What I want to do is a text label with transparent background and to make the text as clear as possible I don’t want it to blend with the background.

Björn

Yes, it’s possible by using an alpha transparent texture: RGBA format. Additional to your text image (for example 24 bpp PNG) you have a same sized “mask” alpha layer (8 bpp, grey): all the fully transparent parts you set to 0, the opaque parts to 255.
You could merge this images manually at runtime, or via pixel editors at dev time, to a nice 32 bpp PNG file in RGBA format.

Then you feed this to Xith3d in the usual way, so for the TextureLoader you say “RGBA” instead of “RGB”, and enable blending for the Appearance (ie TransparencyAttributes(), which setMode to BLENDED).

Should work well (it does for me).
If I remember correctly my OpenGL Redbook, there’s also a way to directly say that colour X (0 in your case) has to be transparent? However I don’t remember if’s that correct and how to do…

I create an empty(transparent) BufferedImage and paint(black) letters directly on to it, but when it is rendered the edges becomes blurry as it is blended against the background. If I use BLEND_ZERO, the pixels that were blended becomes black, thereby swelling the letters, making them harder to read.

Do you get any of the above effects?

Björn

Hi,

[quote]If I use BLEND_ZERO as blend function, it appears that the pixels that should normally be blended gets black.
[/quote]
This is correct behavior. BLEND_ZERO tells that system should use zeros instead the actual values of src/dst fragment, which result in black color (R=G=B=0).

The effect you get is because of texture magnification/minification filter.

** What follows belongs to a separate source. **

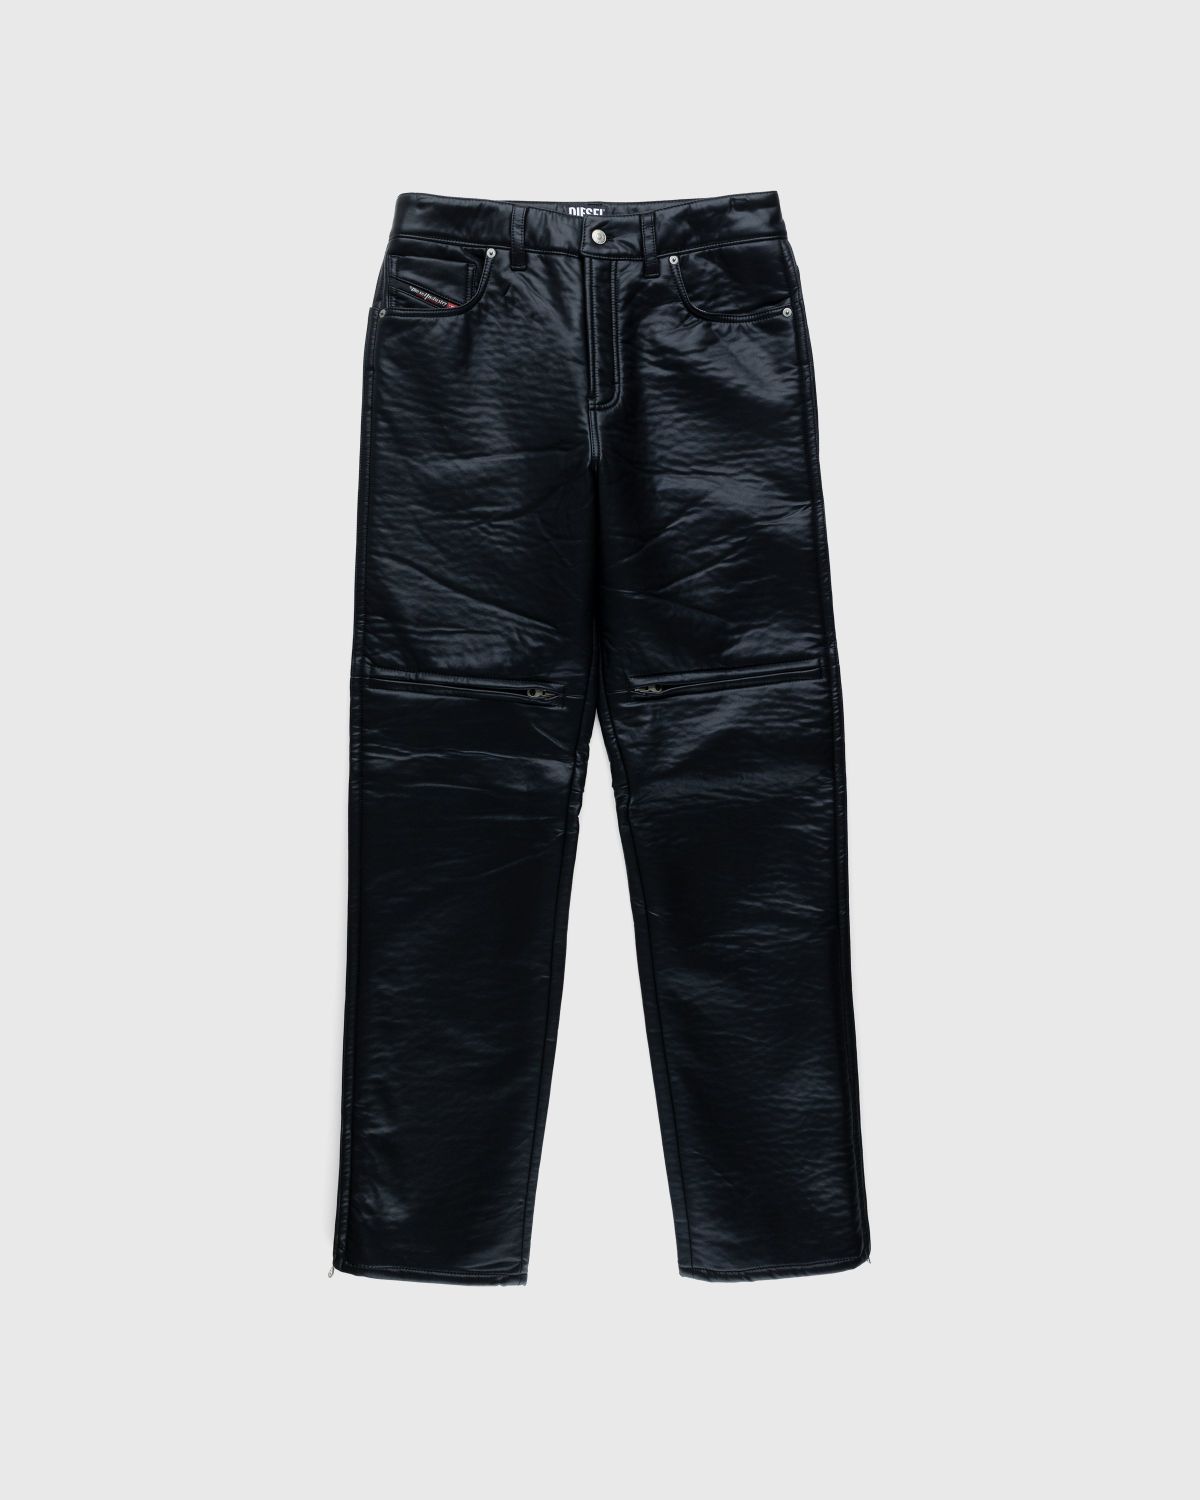 Diesel – Cirio Biker Trousers Black - Trousers - Black - Image 1

Use minification and magnification filter as BASE_LEVEL_POINT and use normal (default) blending mode.

Yuri

Thanks a lot!

Björn

[quote]Hi,
This is correct behavior. BLEND_ZERO tells that system should use zeros instead the actual values of src/dst fragment, which result in black color (R=G=B=0).
[/quote]
Does this mean for example setDstBlendFunction(BLEND_ZERO) is this a special function?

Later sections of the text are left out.